There was no independent confirmation of fighting. A military spokesman said he was making checks.

The report added that militants have been holding two British oil industry workers for more than four months, "partly in an effort to dissuade the security forces from attacking."

The BBC quoted a military official as saying government troops were fired on first.

The news service reported last week that a young girl was shot dead by delta militants when she resisted gunmen who kidnapped her brother. The same day, militants released a Catholic priest that had been kidnapped on Jan. 25.

The Guardian, a Nigerian newspaper, reported that militants accused the government of negotiating in bad faith. It quoted MEND spokesperson Jomo Gbomo as saying:

"During this ceasefire, we had hoped the Nigerian government would take advantage of the cessation of hostilities to embrace dialogue and reconciliation but instead, the government deceived individuals into fake peace parleys where they were arrested and in some cases killed."
Gbomo said the latest attack was an indication that the Nigerian government prefers to make military inroads during the ceasefire instead of efforts towards genuine peace and reconciliation.

Various sources including the BBC say that oil production has dropped by about 20 percent since 2006 due to militant attacks. (See map of delta oil installations here.) The online edition of the Nigerian publication This Day reported that output of Shell Oil, Nigeria's largest oil producer, has fallen sharply.

Nigeria's largest oil producer, Shell, which until a few years ago was producing about 1 million barrels of crude oil a day from its operations in the Niger Delta, saw its output decline drastically to some 360,000 b/d in 2008.
Confirming the fall in production, a company spokesman said the Shell Petroleum Development Company's output averaged 360,000 b/d in 2008, down from 409,000 b/d a year earlier, owing to increased militancy and disruptions to its operations in the region.

The online edition of The Punch, a Nigerian newspaper, warned Saturday that the end of the cease-fire could "soon give way to an orgy of violence."

The oil-rich but impoverished Niger Delta region has produced several violent militant groups and kidnapping gangs since the early 1990s.

Many protest what they say is the exploitation and pollution of the region by foreign oil companies and the central Nigerian government. Heavily armed, speedboat-borne militants prowl the region's "creeks" and launch periodic attacks on oil facilities.

A 2007 background report by the Council on Foreign Relations says MEND emerged in 2006 and quickly drew concern from the US and other governments.

Oil companies, the Nigerian government, and the United States (Nigeria is the United States' fifth largest supplier of U.S. crude imports) are concerned about MEND's ability to disrupt the global oil supply.
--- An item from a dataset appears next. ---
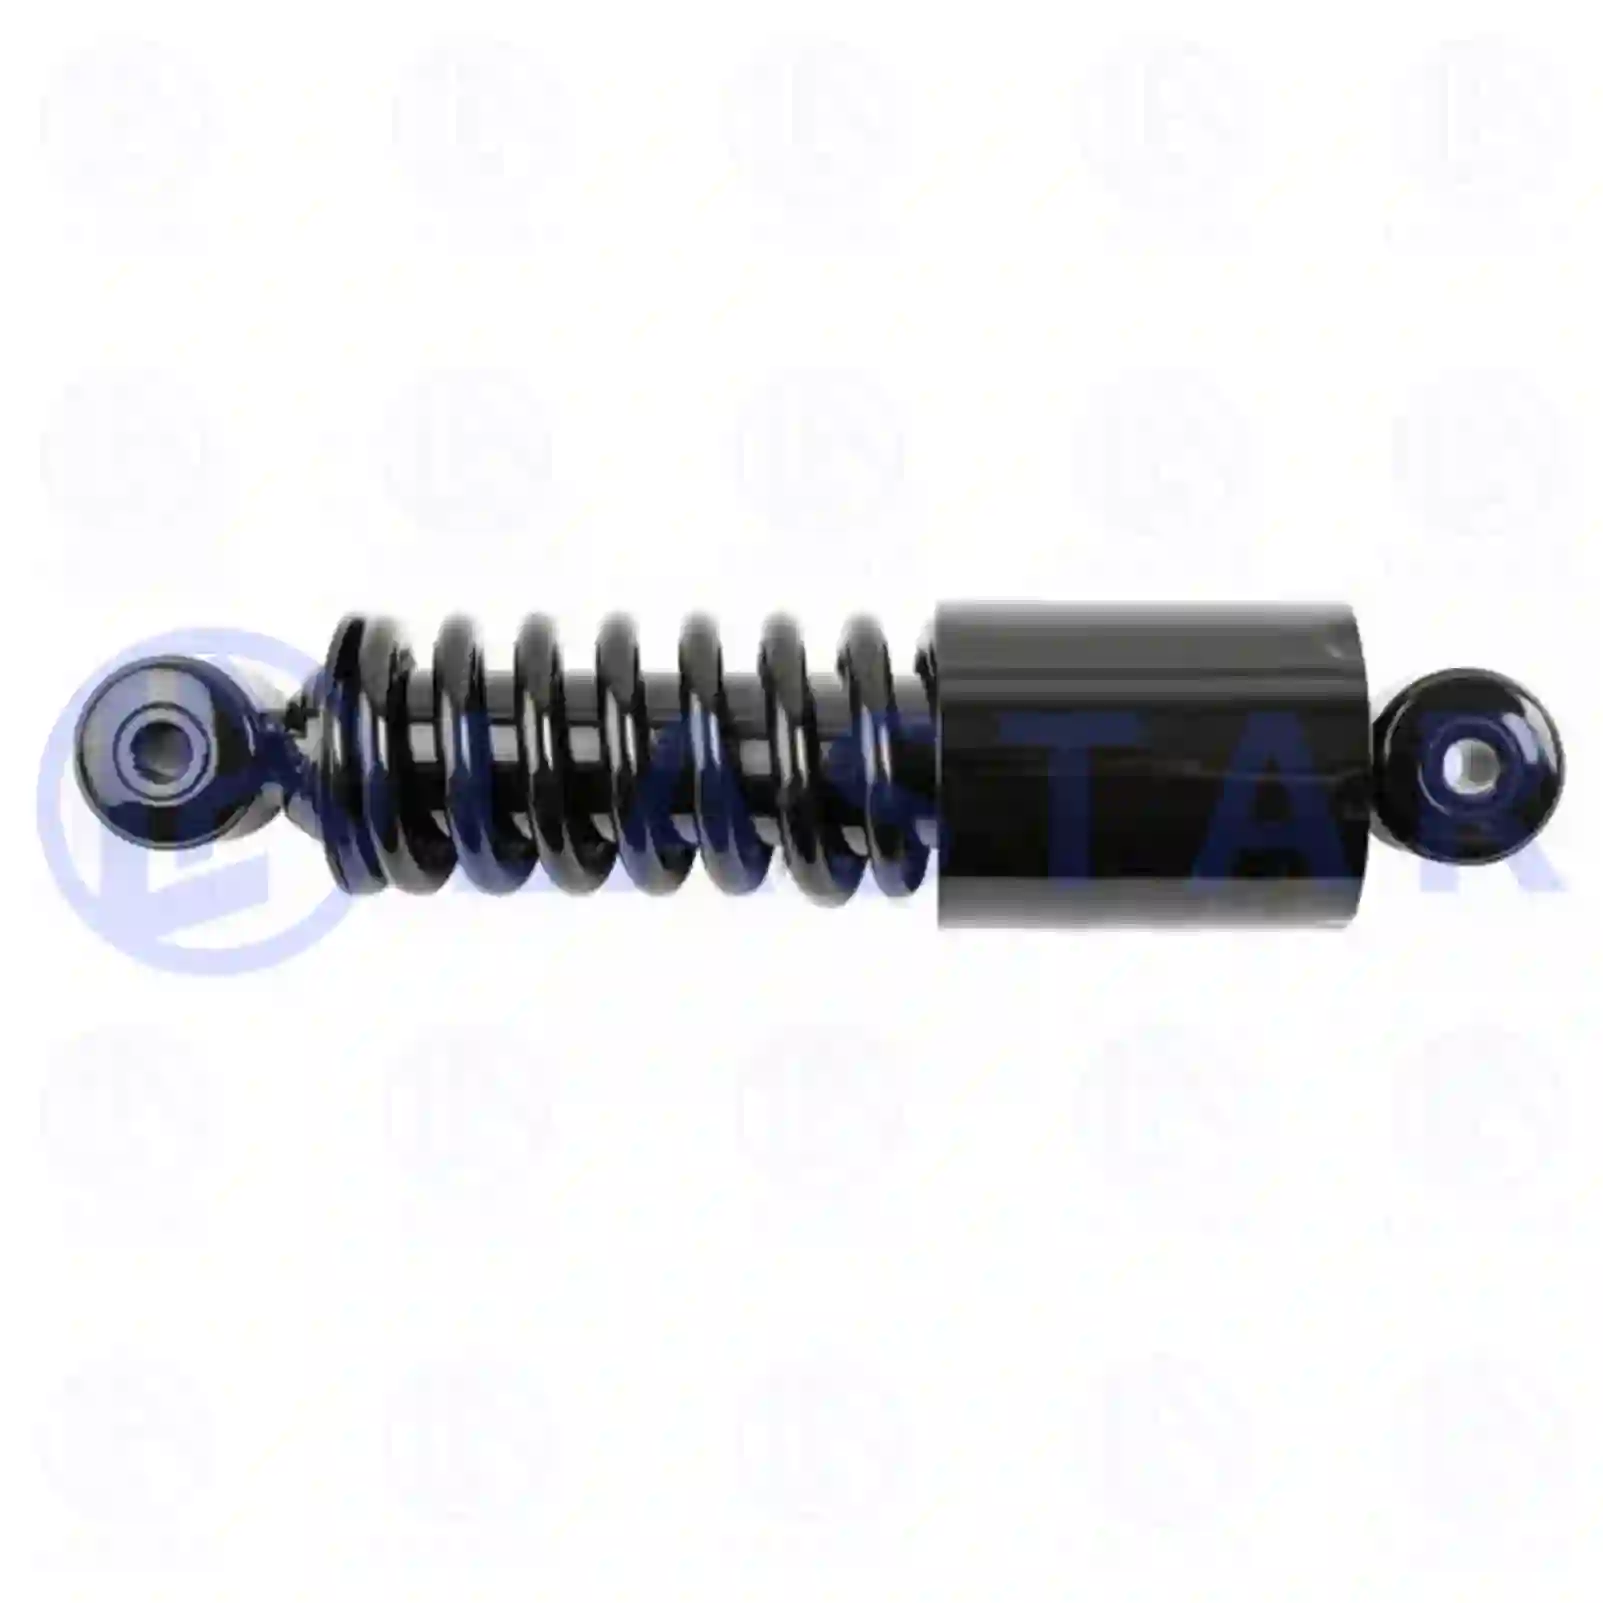 Cabin shock absorber, 77734901, 9438903519, , , ||  77734901 Lastar Spare Part | Truck Spare Parts, Auotomotive Spare Parts Cabin shock absorber, 77734901, 9438903519, , , ||  77734901 Lastar Spare Part | Truck Spare Parts, Auotomotive Spare Parts

Though skilled at leveraging international media, the group remains secretive and opinions vary on its power and ability to sustain itself.

The report detailed the group's stated goals:

Since its inception, MEND has articulated three major demands: the release of [Alhaji Mujahid Dokubo-Asari, head of another delta militant group] from prison, the receipt of 50 percent of revenues from oil pumped out of the Delta, and the withdrawal of government troops from the Delta. Its broader aim is "resource control," but it has largely failed to delineate specific long-term goals.